Scotland’s situation is BAD: Drug filmmaker says Sturgeon ‘sleepwalking’ into drug crisis | UK | News
Director of Hide&Seek media Dominic Streeter has documented drug laws and consumption around the world and has travelled to America, Australia and many other countries to investigate their illegal drug market. For his latest venture, Mr Streeter looked at Scotland and how it has now been branded the drug death capital of Europe after more than 1,200 Scots losing their lives to drugs last year. The documentary maker warned the situation was getting worse in Scotland and told Express.co.uk he fears the Scottish government could be “sleepwalking” into a crisis.
Mr Streeter explained drug criminals in Scotland have become more digitally savvy and said more were utilising the dark web and social media to sell their wares.
He revealed that a 17-year-old who helped him with his documentary was able to purchase drugs through Instagram and could get a hold of drugs much quicker and easier than alcohol.
Criminals have resorted to using the dark web more – a side of the internet that is not accessible by normal search engines – during the pandemic to sell drugs and other illegal items.

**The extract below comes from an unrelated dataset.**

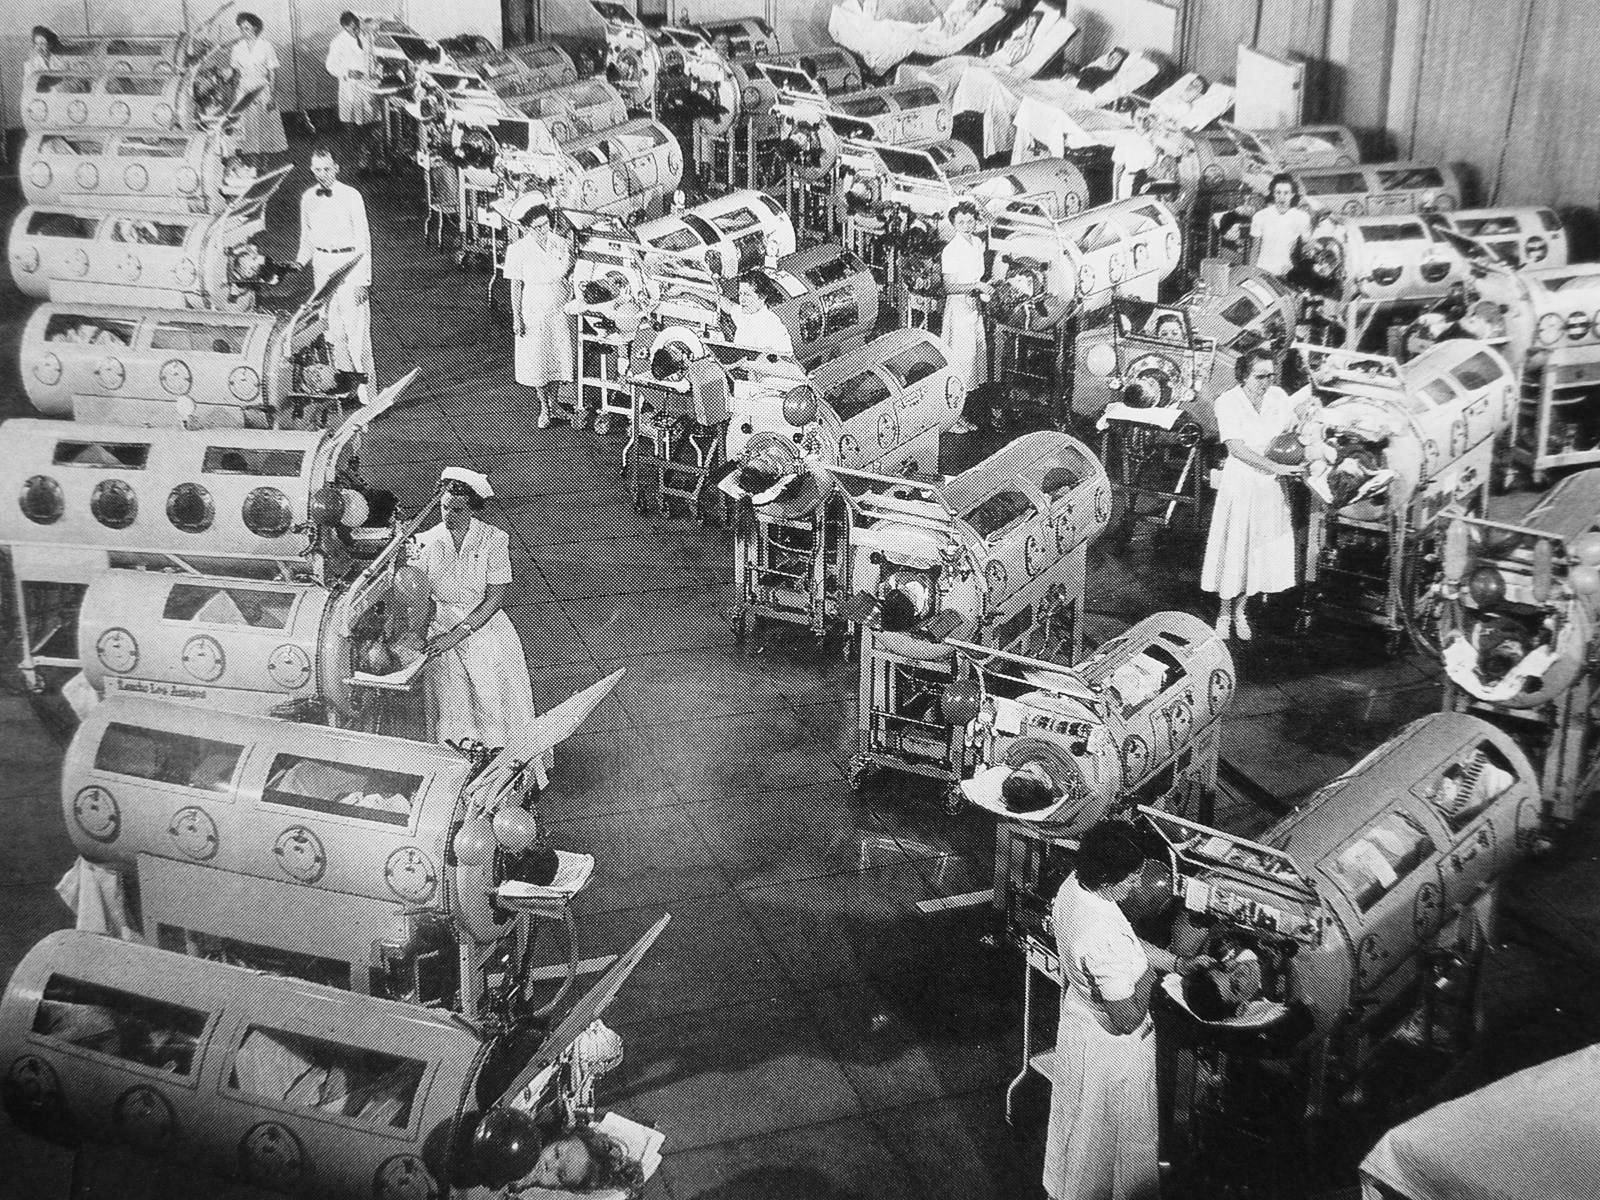 A photograph of a hospital room in the US with patients in iron lungs in 1952.

Mr Streeter told Express.co.uk: “The situation in Scotland is bad, it’s really bad and it’s getting worse.
“We’re seeing rates of drug deaths before the pandemic which were rising 25 percent every year.

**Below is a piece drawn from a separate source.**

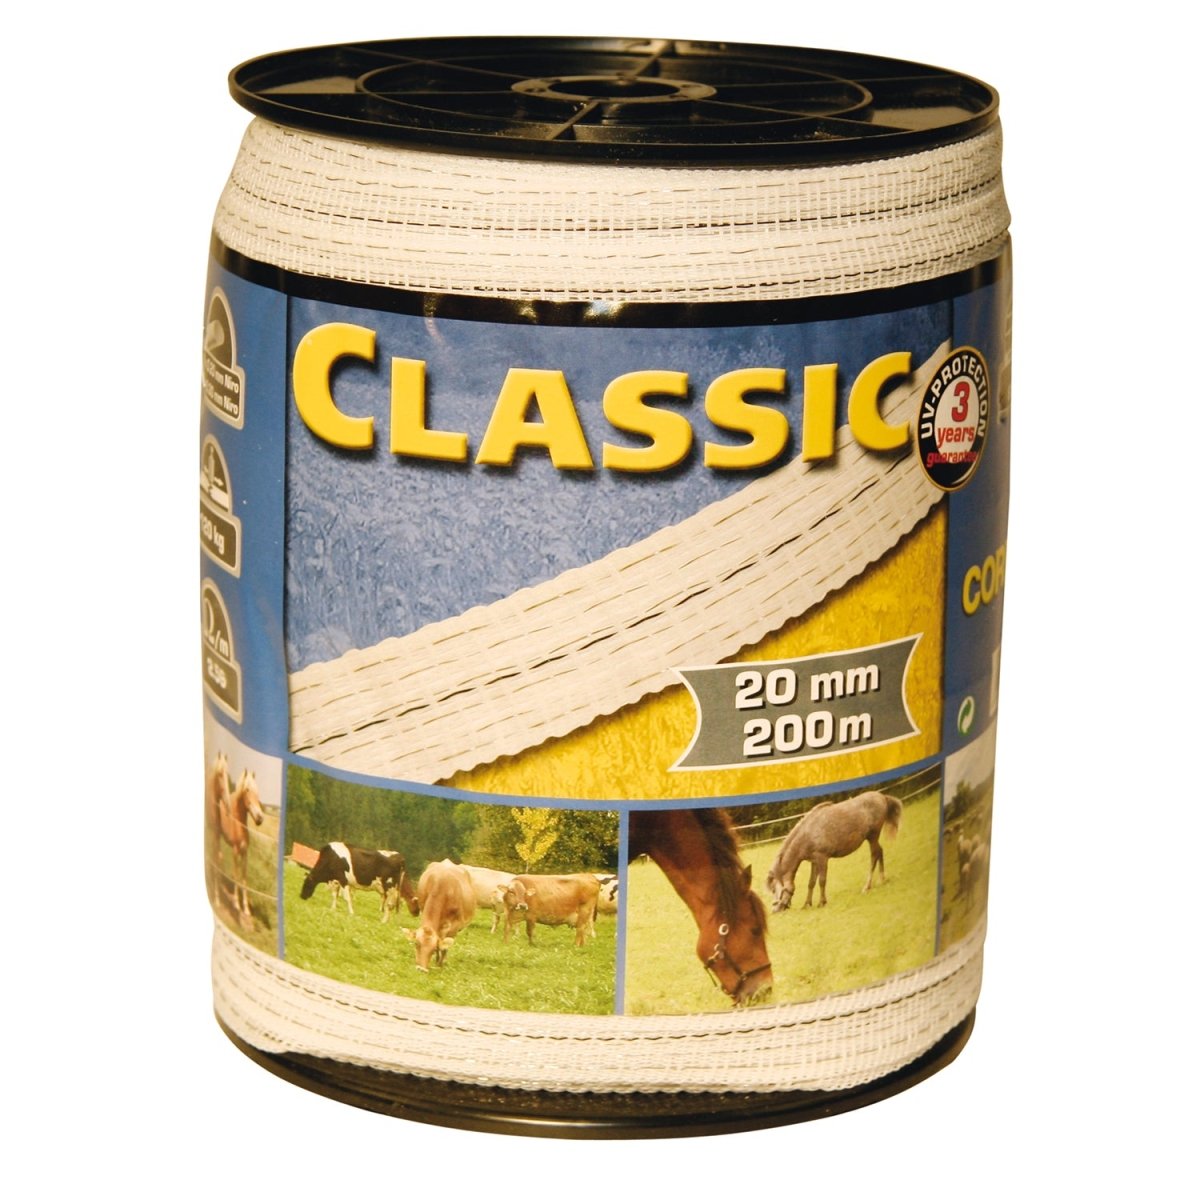 Corral Classic Fencing Tape - 200MX20Mm -

“So this is exponentially getting out of control and I fear that we’re sleepwalking into a situation in Scotland and the UK generally.
“We’re very aware of a public health crisis in Covid – and we can see that and we can feel it and touch in our everyday lives all the time.
“But there’s another silent, almost invisible public health crisis and it’s getting towards that level.
“In other countries, it has been declared a public health crisis already.
“We’re in a bit of trouble and we’ve got to do something about it.”
The documentary maker also found that the methods of drug dealing have changed during the pandemic and theorised different types of drugs may be responsible for future cases of addiction.
Political opponents of First Minister Nicola Sturgeon have criticised her lack of action on the drug crisis in Scotland and state she is more focused on the cause of independence.
Ms Sturgeon told Sky News that the numbers were “unacceptable” and admitted she and the Government “did not get it right”.
Drug deaths have increased 160 percent since the SNP’s 14 years in power.
Scottish Liberal Democrat leader Willie Rennie accused Ms Sturgeon of “taking her eye of the ball” during a leader debate stating she ignores issues like drug deaths and education in favour for independence.